Задача 56. Упростите выражение   \(\dfrac{{\sqrt {1-{x^2}} -1}}{x}\,\left( {\dfrac{{1-x}}{{\sqrt {1-{x^2}}  + x-1}} + \dfrac{{\sqrt {1 + x} }}{{\sqrt {1 + x} -\sqrt {1-x} }}} \right)\)

Ответ

ОТВЕТ: -1.

Решение

\(\dfrac{{\sqrt {1-{x^2}} -1}}{x}\left( {\dfrac{{1-x}}{{\sqrt {1-{x^2}}  + x-1}} + \dfrac{{\sqrt {1 + x} }}{{\sqrt {1 + x} -\sqrt {1-x} }}} \right) = \)

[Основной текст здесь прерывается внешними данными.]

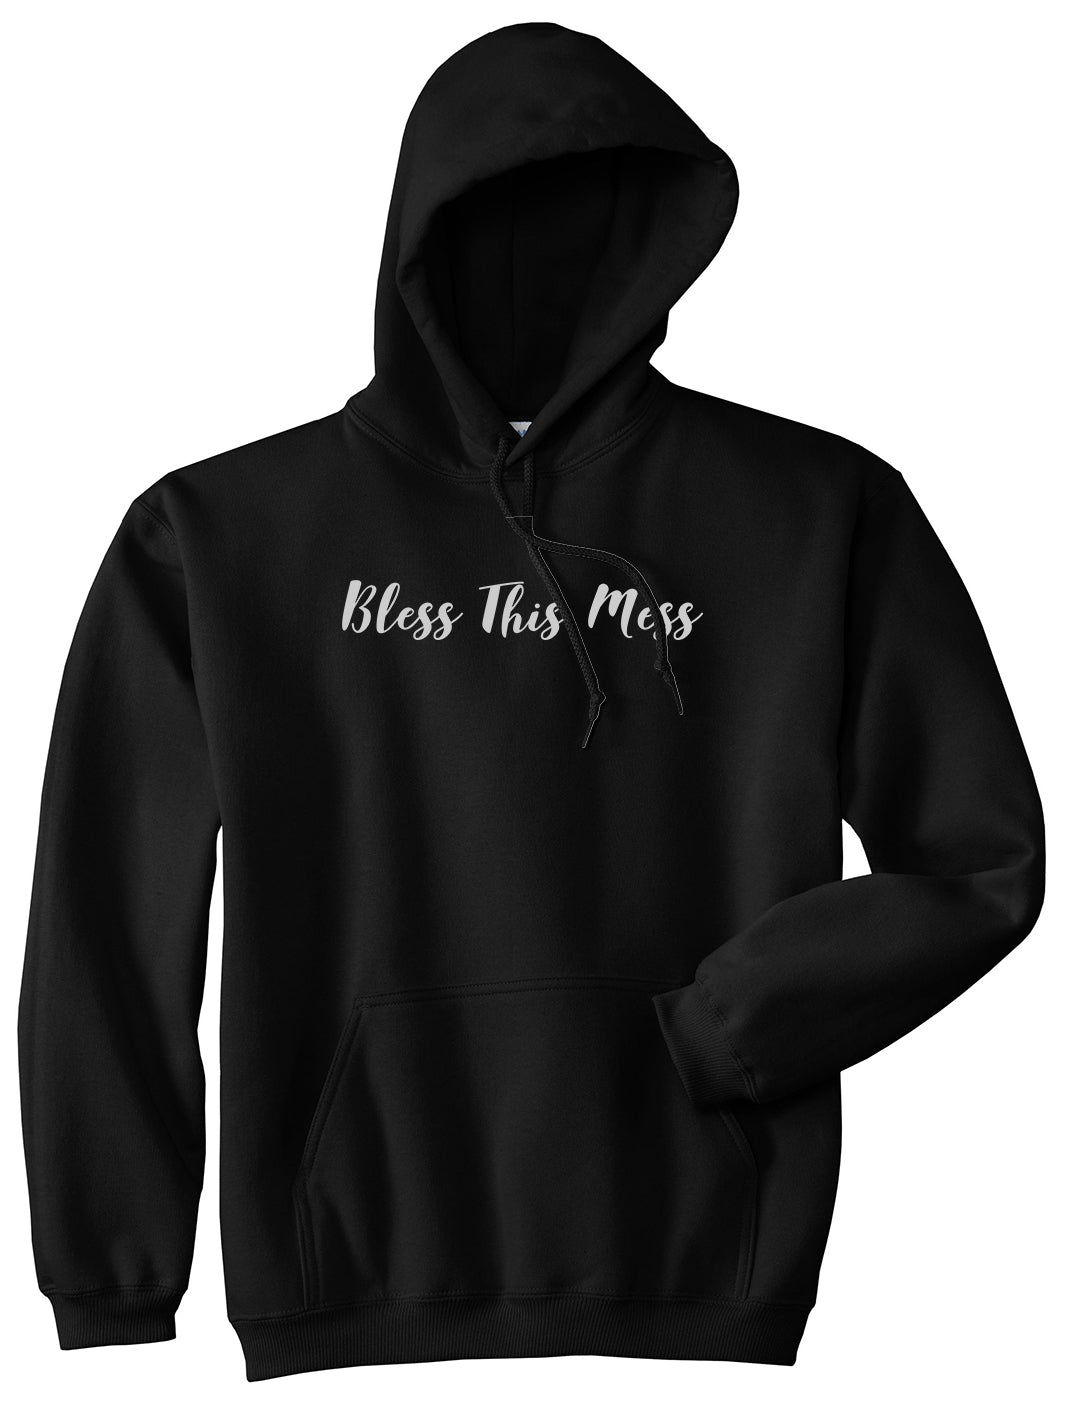 Bless This Mess Black Pullover Hoodie by Kings Of NY

\( = \dfrac{{\sqrt {1-{x^2}} -1}}{x} \cdot \left( {\dfrac{{{{\left( {\sqrt {1-x} } \right)}^2}}}{{\sqrt {1-x} \sqrt {1 + x} -{{\left( {\sqrt {1-x} } \right)}^2}}} + \dfrac{{\sqrt {1 + x} }}{{\sqrt {1 + x} -\sqrt {1-x} }}} \right) = \)

\( = \dfrac{{\sqrt {1-{x^2}} -1}}{x} \cdot \left( {\dfrac{{{{\left( {\sqrt {1-x} } \right)}^2}}}{{\sqrt {1-x} \left( {\sqrt {1 + x} -\sqrt {1-x} } \right)}} + \dfrac{{\sqrt {1 + x} }}{{\sqrt {1 + x} -\sqrt {1-x} }}} \right) = \)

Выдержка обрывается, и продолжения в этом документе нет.